By Kirstin Ridley and Emma Rumney
LONDON (Reuters) - Former bosses of Lloyds Banking Group (L:LLOY) used "spin and sales puff" to win over investors and secure a "disastrous" acquisition of rival HBOS during the credit crisis, a lawyer for thousands of shareholders told London's High Court on Wednesday.
Around 6,000 Lloyds investors, who are seeking around 550 million pounds in damages, allege that five former directors at Lloyds, including ex-CEO Eric Daniels, concealed information about HBOS's financial position in 2008 and 2009 and breached their duties by recommending the purchase.
On the first day of a 14-week London trial, the claimant's lawyer Richard Hill told the court that the deal saved HBOS from nationalisation but looked like a catastrophe for Lloyds within days of completion in early 2009.
"We say shareholders were indeed mugged," Hill said, adding that former Lloyds executives such as Daniels also glossed over severe problems with HBOS's liquidity and corporate loan portfolio when presenting the case to the board.
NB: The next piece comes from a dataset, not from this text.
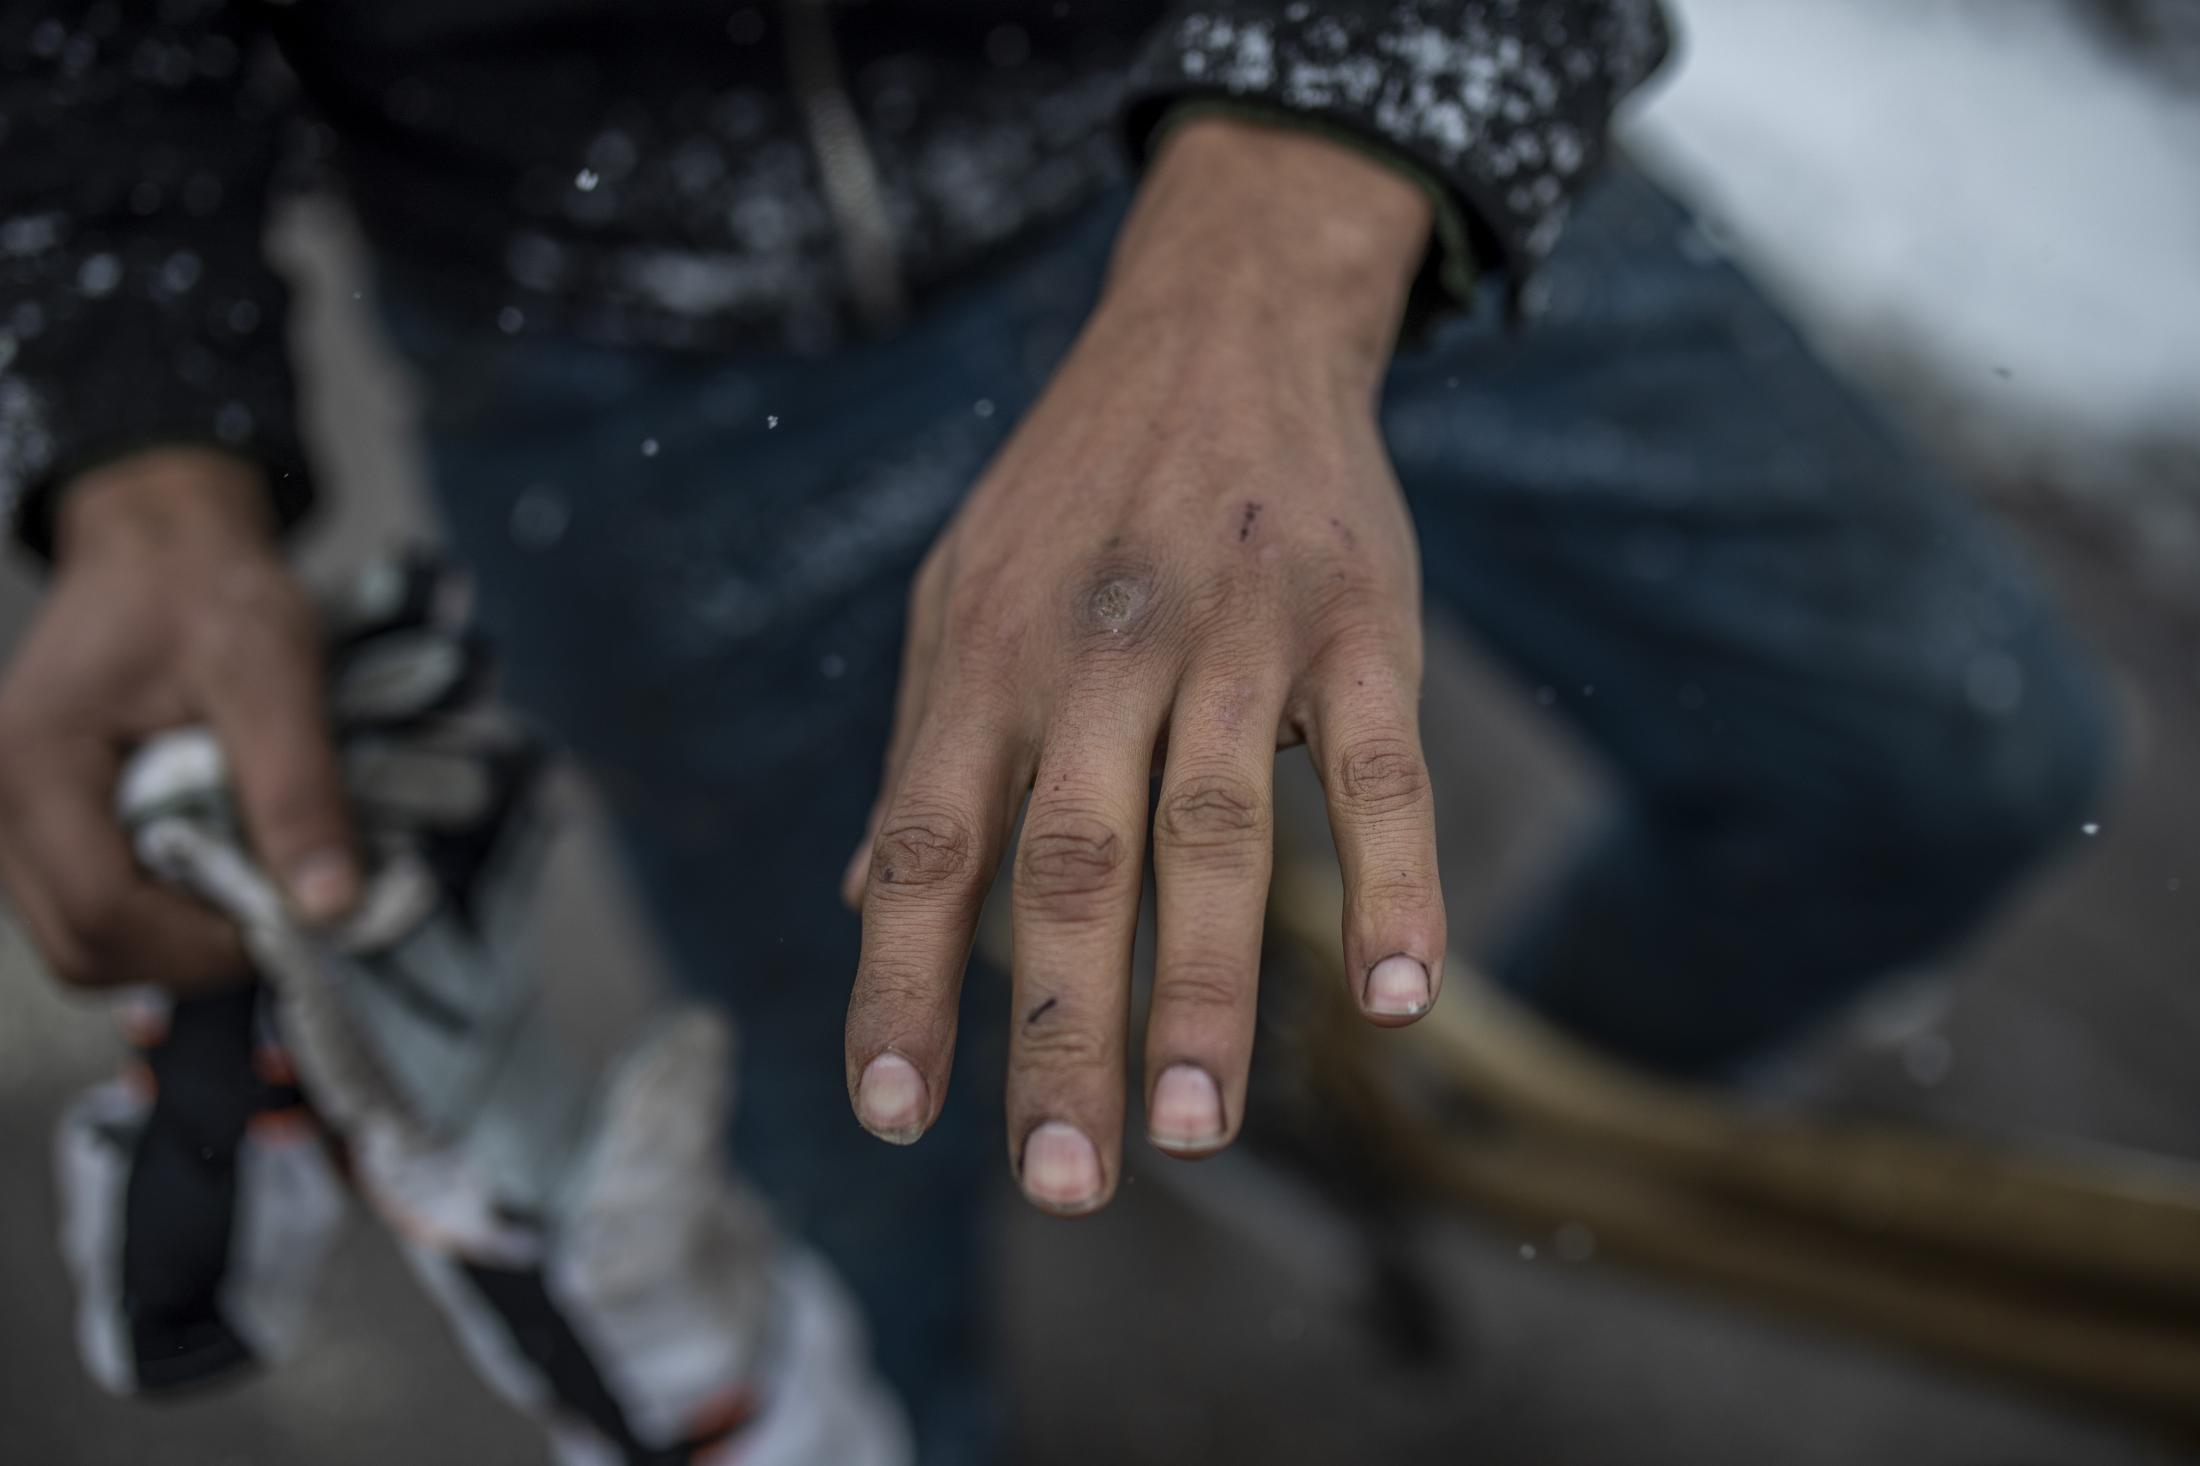 Omar Sharif ense–a su mano helada y llena de cortes tras pasar varias horas cortando madera para poder calentarse en el Sector Vi de la Ca–ada Real

Lloyds, Britain's largest retail bank, and the individual defendants, who include former chairman Victor Blank, Tim Tookey, the former finance director, Helen Weir, the former head of retail and Truett Tate, the former head of wholesale banking, deny any wrongdoing.
"The group's position remains that we do not consider there to be any merit to these claims and we will robustly contest this legal action," the bank said in a statement. All defendants are being collectively represented by Lloyds lawyers.
It is the second British investor lawsuit against a bank stemming from the credit crisis - and the first to go to trial. Royal Bank of Scotland (L:RBS) reached an out-of-court settlement over a 2008 cash call shortly before a trial scheduled in June.
HBOS, formed from the merger in 2001 of former English building society Halifax and the 300-year-old Bank of Scotland, was close to collapse in 2008 after the failure of Lehman Brothers caused money markets to seize up, meaning HBOS could not get the funding it needed for its ballooning loan book.
Lloyds shareholders allege the subsequent government-brokered takeover of HBOS, that valued the struggling bank at around 5.9 billion pounds, wiped billions off the bank's market value. Lloyds itself then had to be rescued with a 20.5 billion- pound government bailout in 2009.
Investors allege Lloyds secretly loaned HBOS 10 billion pounds in 2008 so it could continue trading and that the bank's directors did not disclose that HBOS was receiving emergency support from the Bank of England and the U.S. Federal Reserve, which peaked at about 25.6 billion pounds and $18 billion (£13.6 billion) respectively.
Hill said Daniels and Blank were put under pressure by the government in 2008 to rescue HBOS but owed their allegiance to Lloyds shareholders.
Lloyds, which has returned to profit and emerged from state ownership in May, denies the claims and says the bank and the ex-directors all acted properly.